[Opening Provided data section]
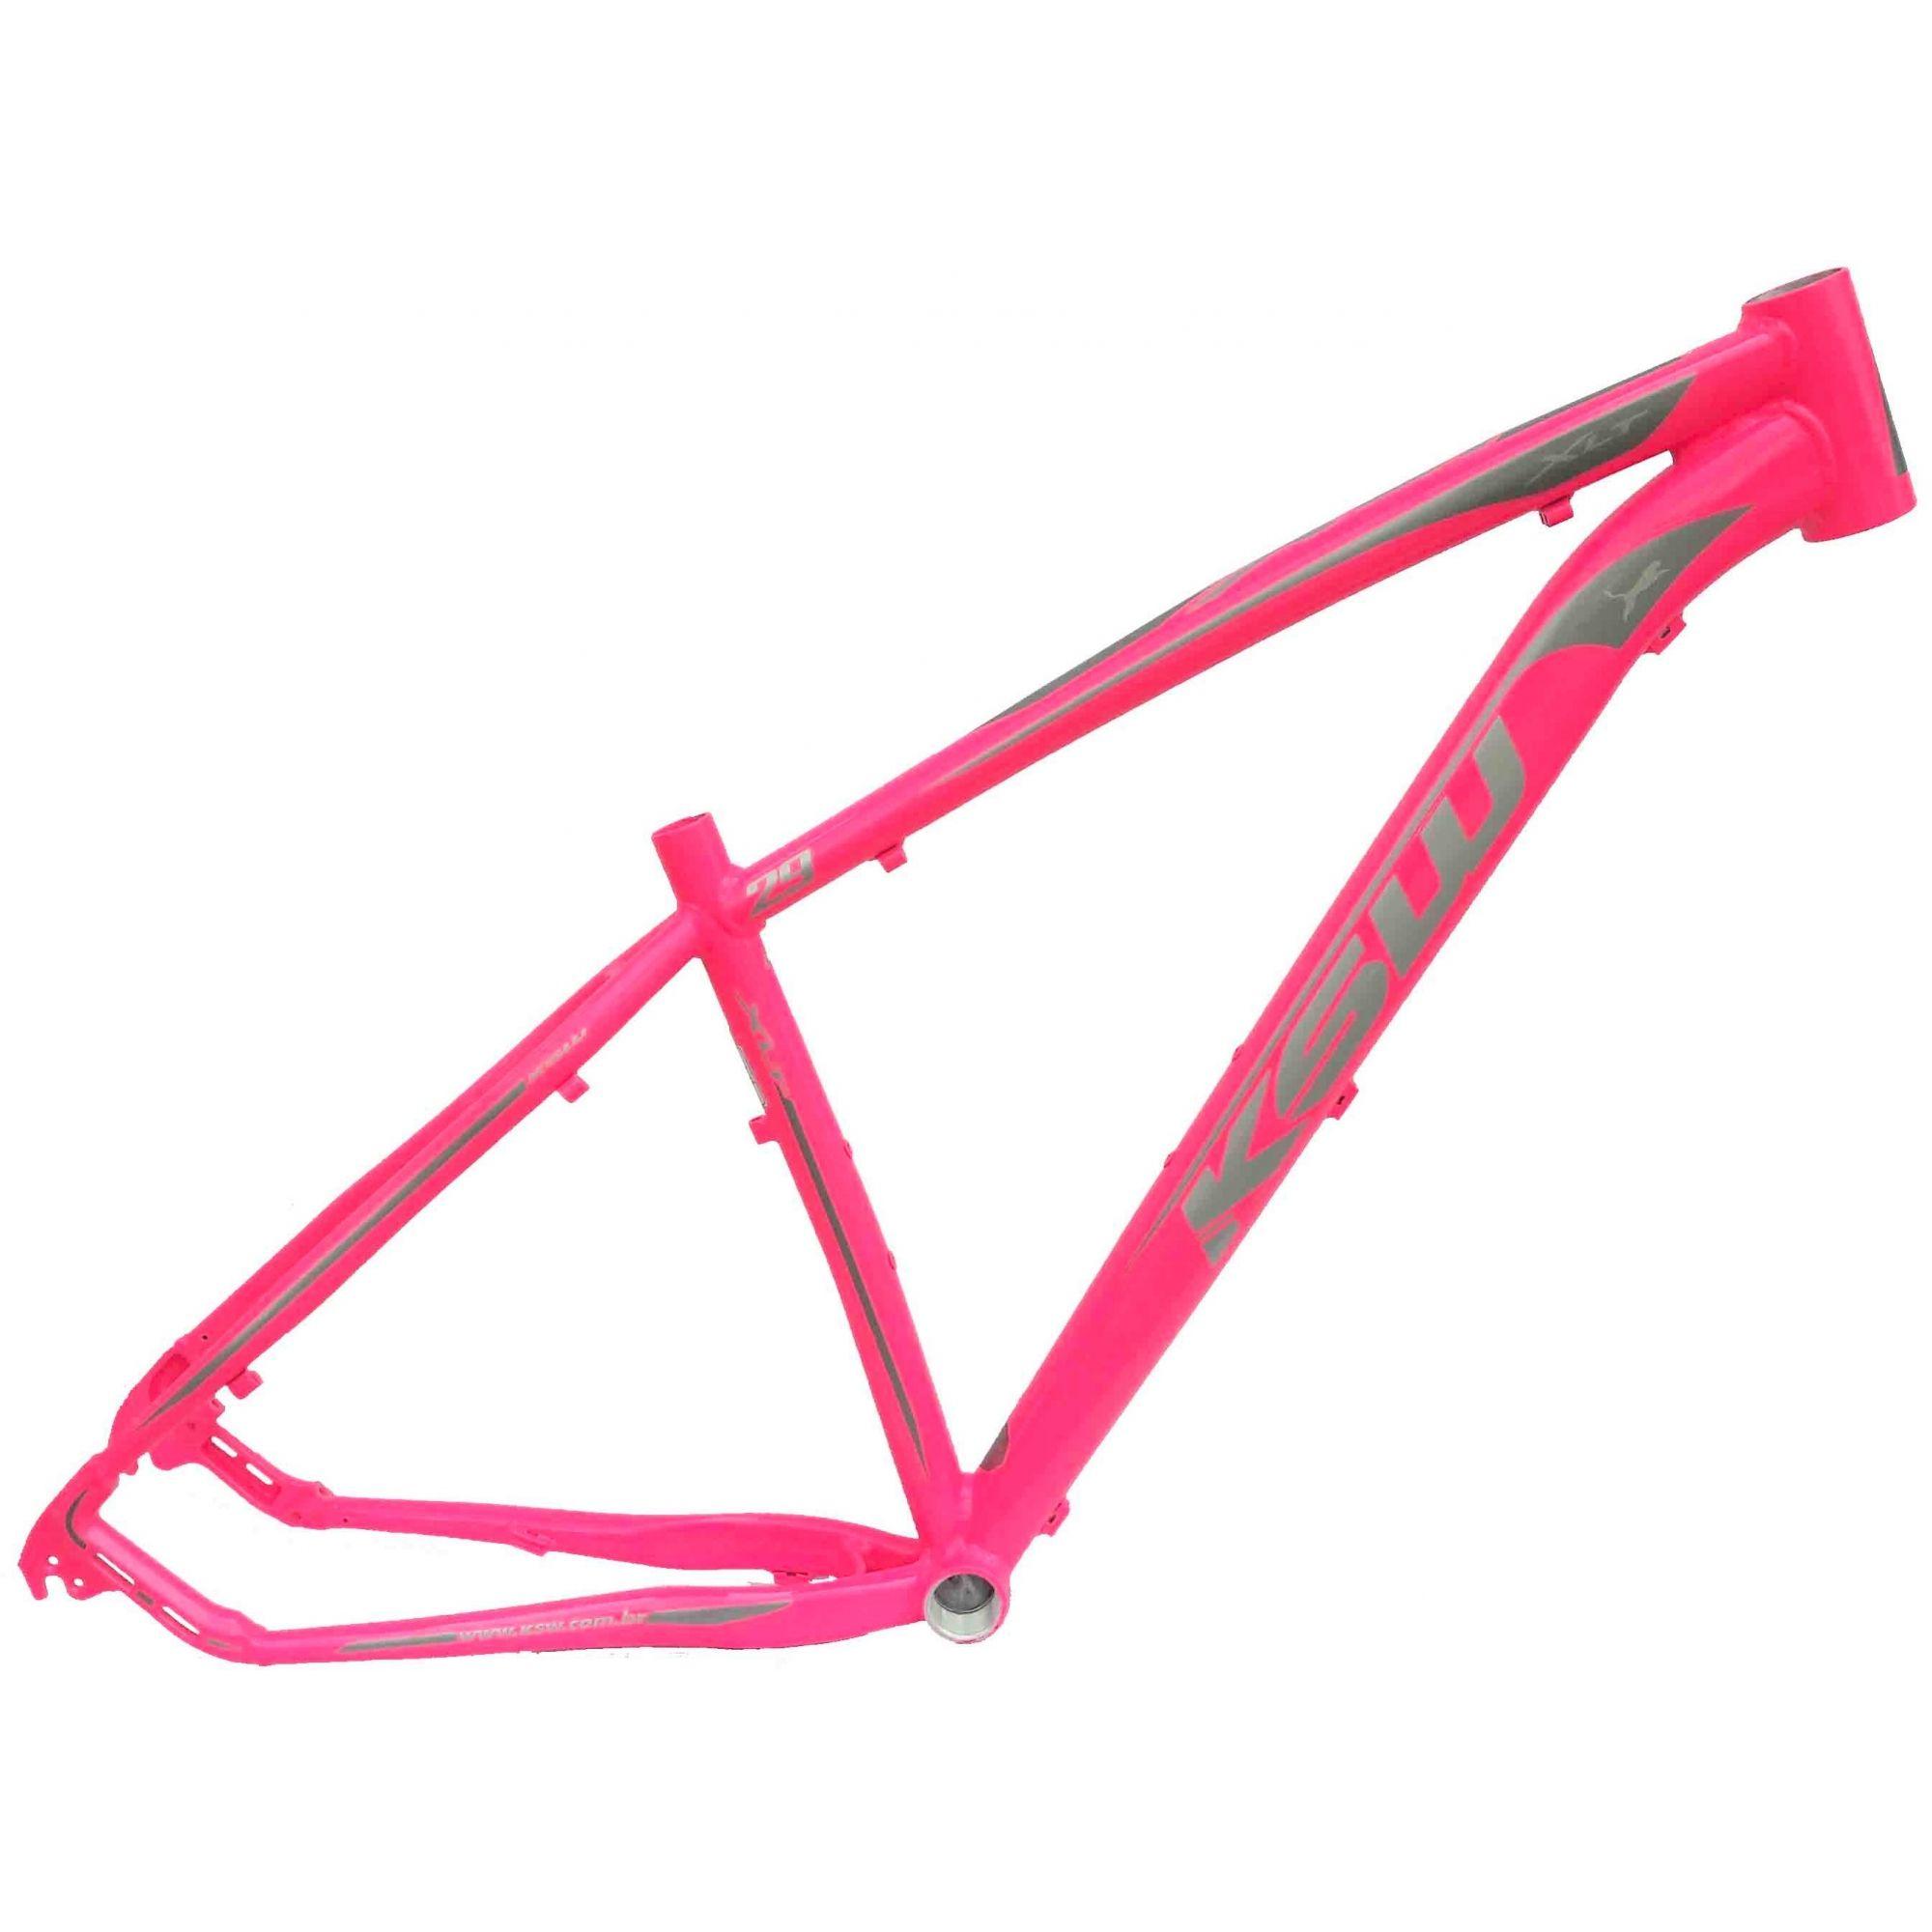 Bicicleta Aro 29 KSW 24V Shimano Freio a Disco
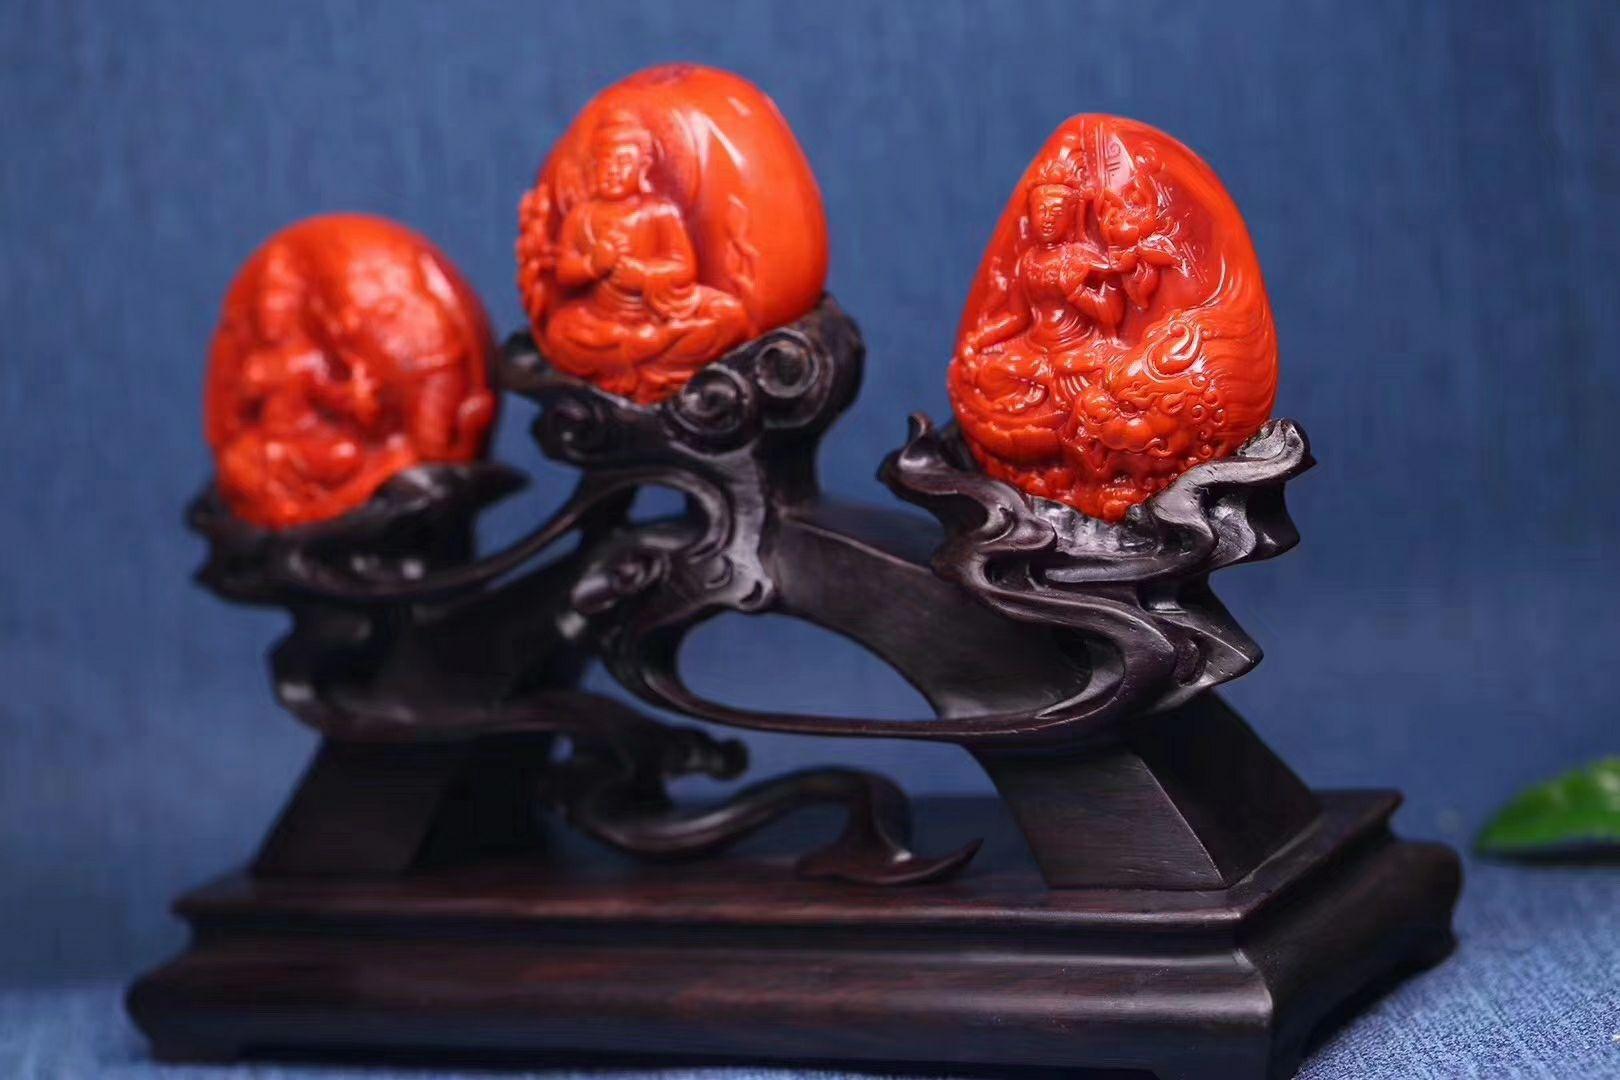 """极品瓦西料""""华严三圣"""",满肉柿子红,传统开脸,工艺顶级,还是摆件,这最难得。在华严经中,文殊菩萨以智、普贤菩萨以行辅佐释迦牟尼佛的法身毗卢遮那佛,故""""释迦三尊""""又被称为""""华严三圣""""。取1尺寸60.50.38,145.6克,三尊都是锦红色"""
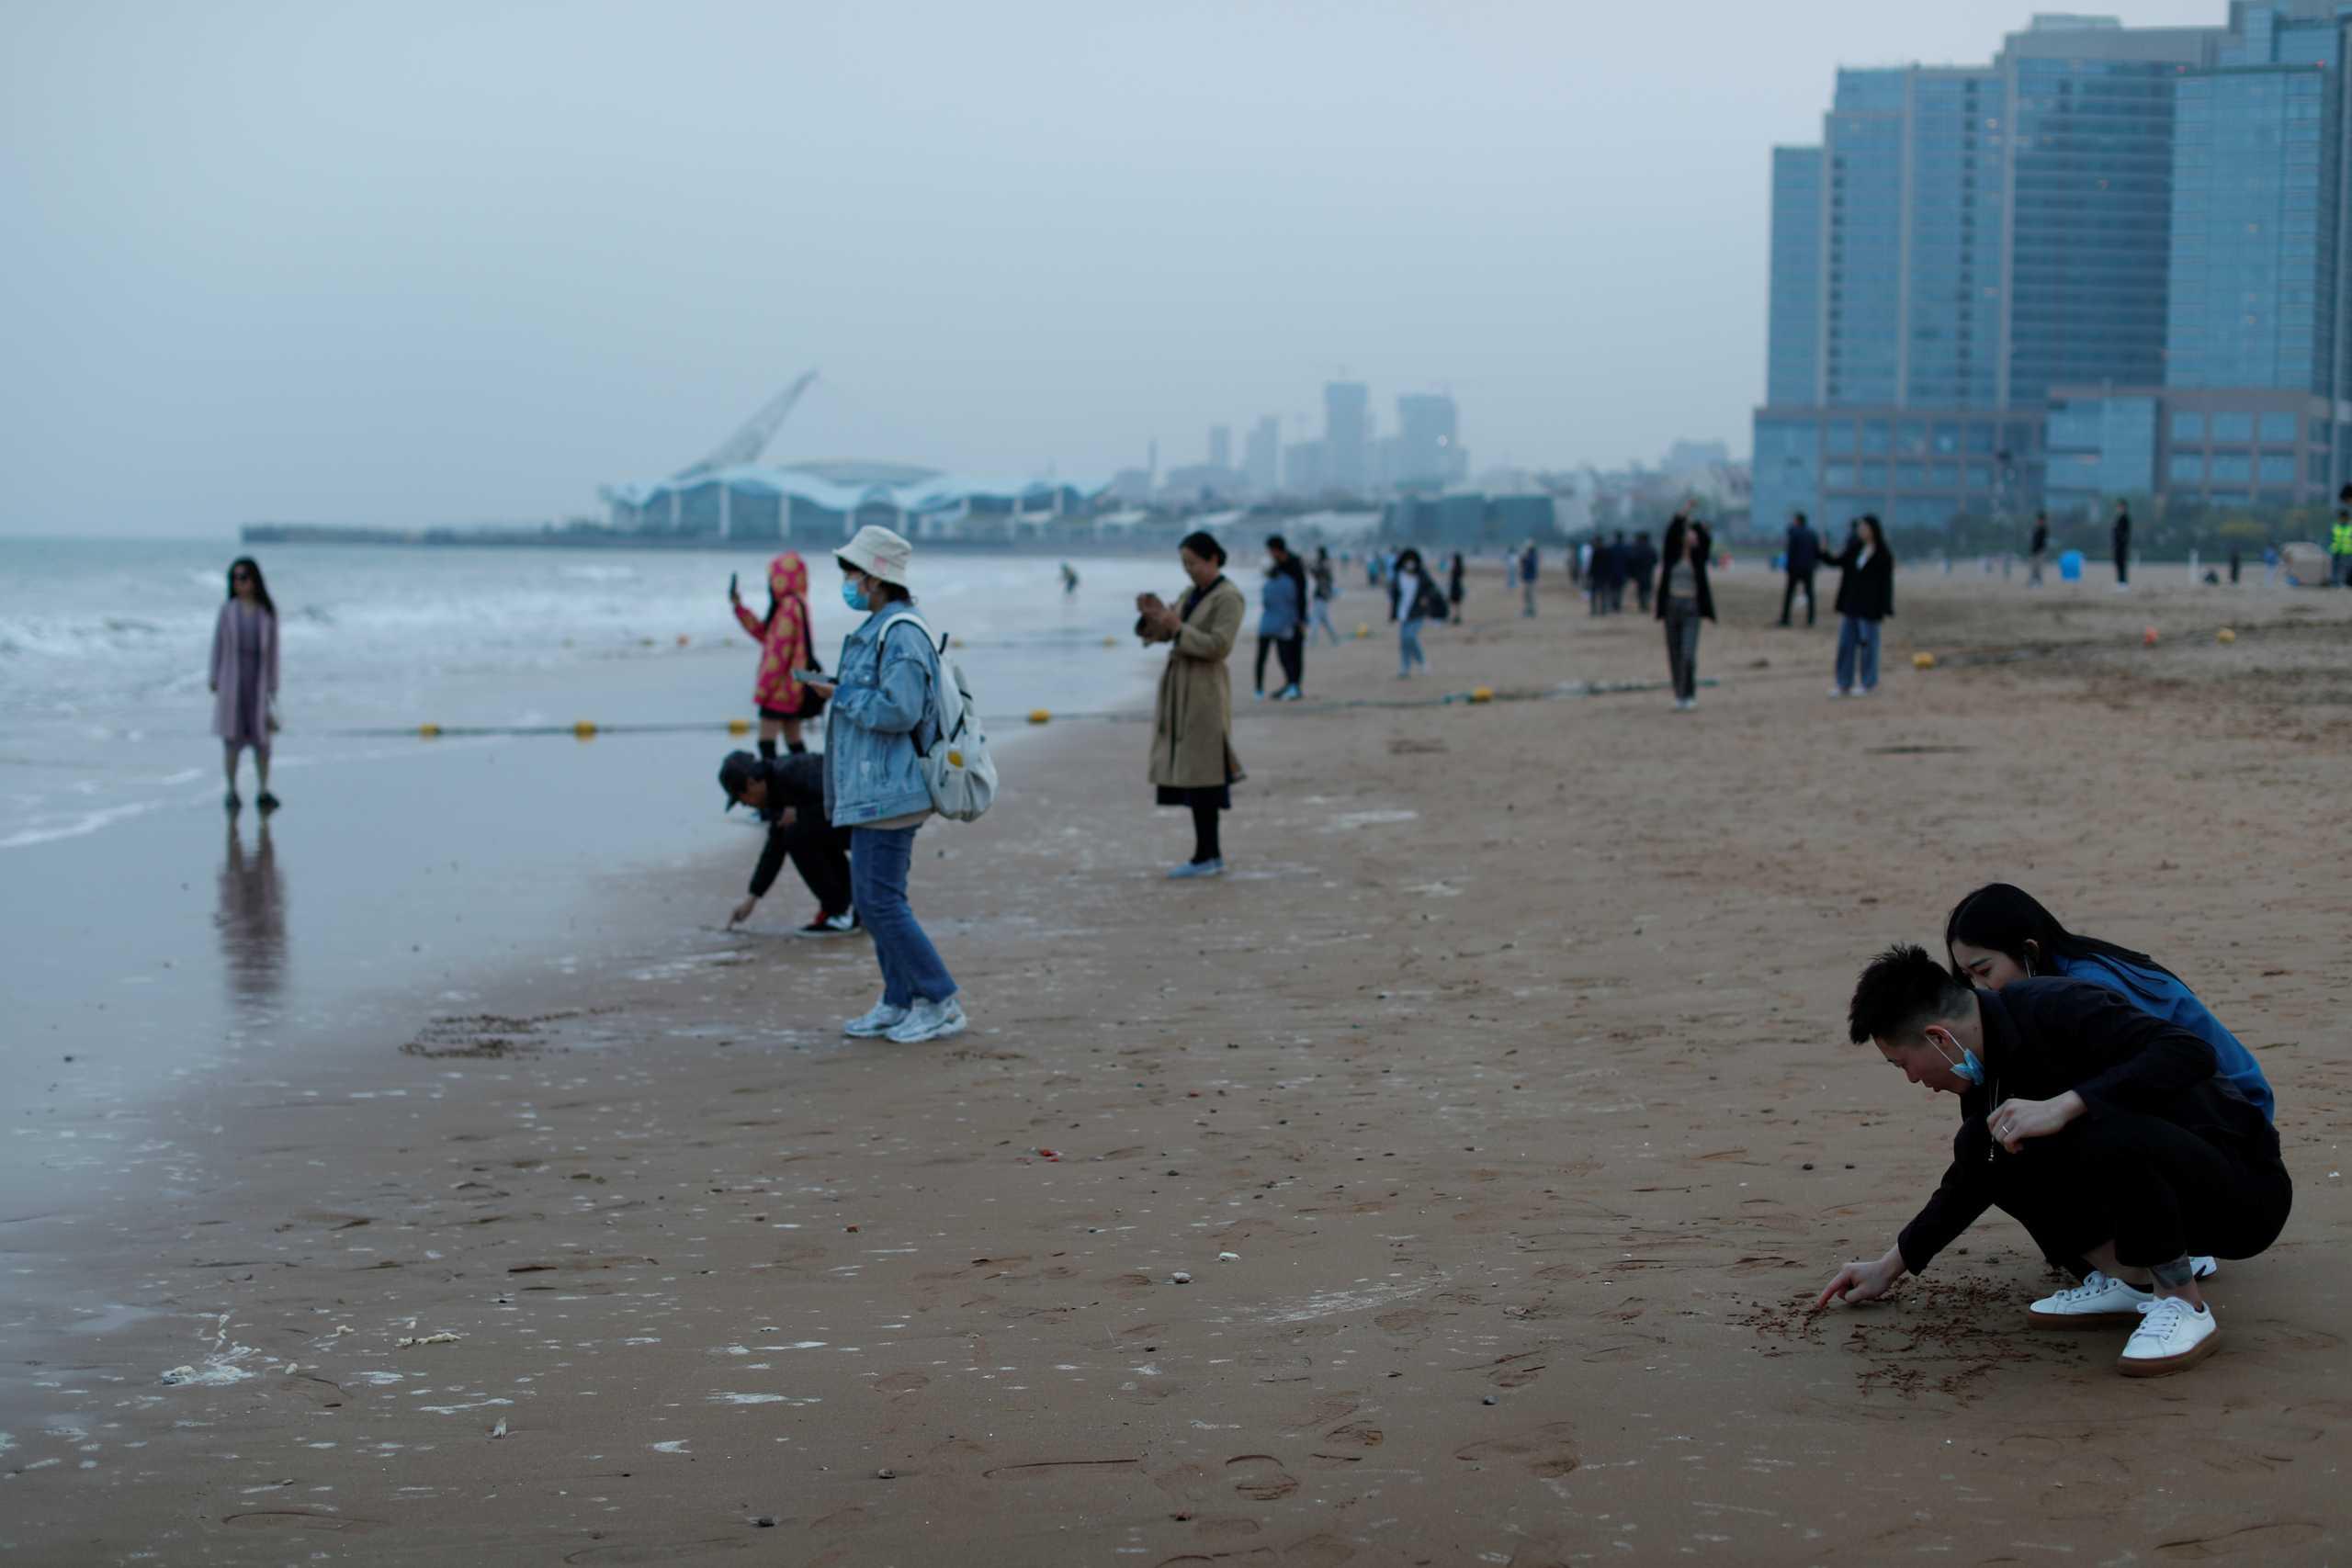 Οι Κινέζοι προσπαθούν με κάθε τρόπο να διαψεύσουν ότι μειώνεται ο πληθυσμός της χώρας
[Closing Provided data section]
• _Task to carry out_:
Exclude all images and retype the data precisely.

• _Answer to this exercise_:
 Bicicleta Aro 29 KSW 24V Shimano Freio a Disco
 """极品瓦西料""""华严三圣"""",满肉柿子红,传统开脸,工艺顶级,还是摆件,这最难得。在华严经中,文殊菩萨以智、普贤菩萨以行辅佐释迦牟尼佛的法身毗卢遮那佛,故""""释迦三尊""""又被称为""""华严三圣""""。取1尺寸60.50.38,145.6克,三尊都是锦红色"""
 Οι Κινέζοι προσπαθούν με κάθε τρόπο να διαψεύσουν ότι μειώνεται ο πληθυσμός της χώρας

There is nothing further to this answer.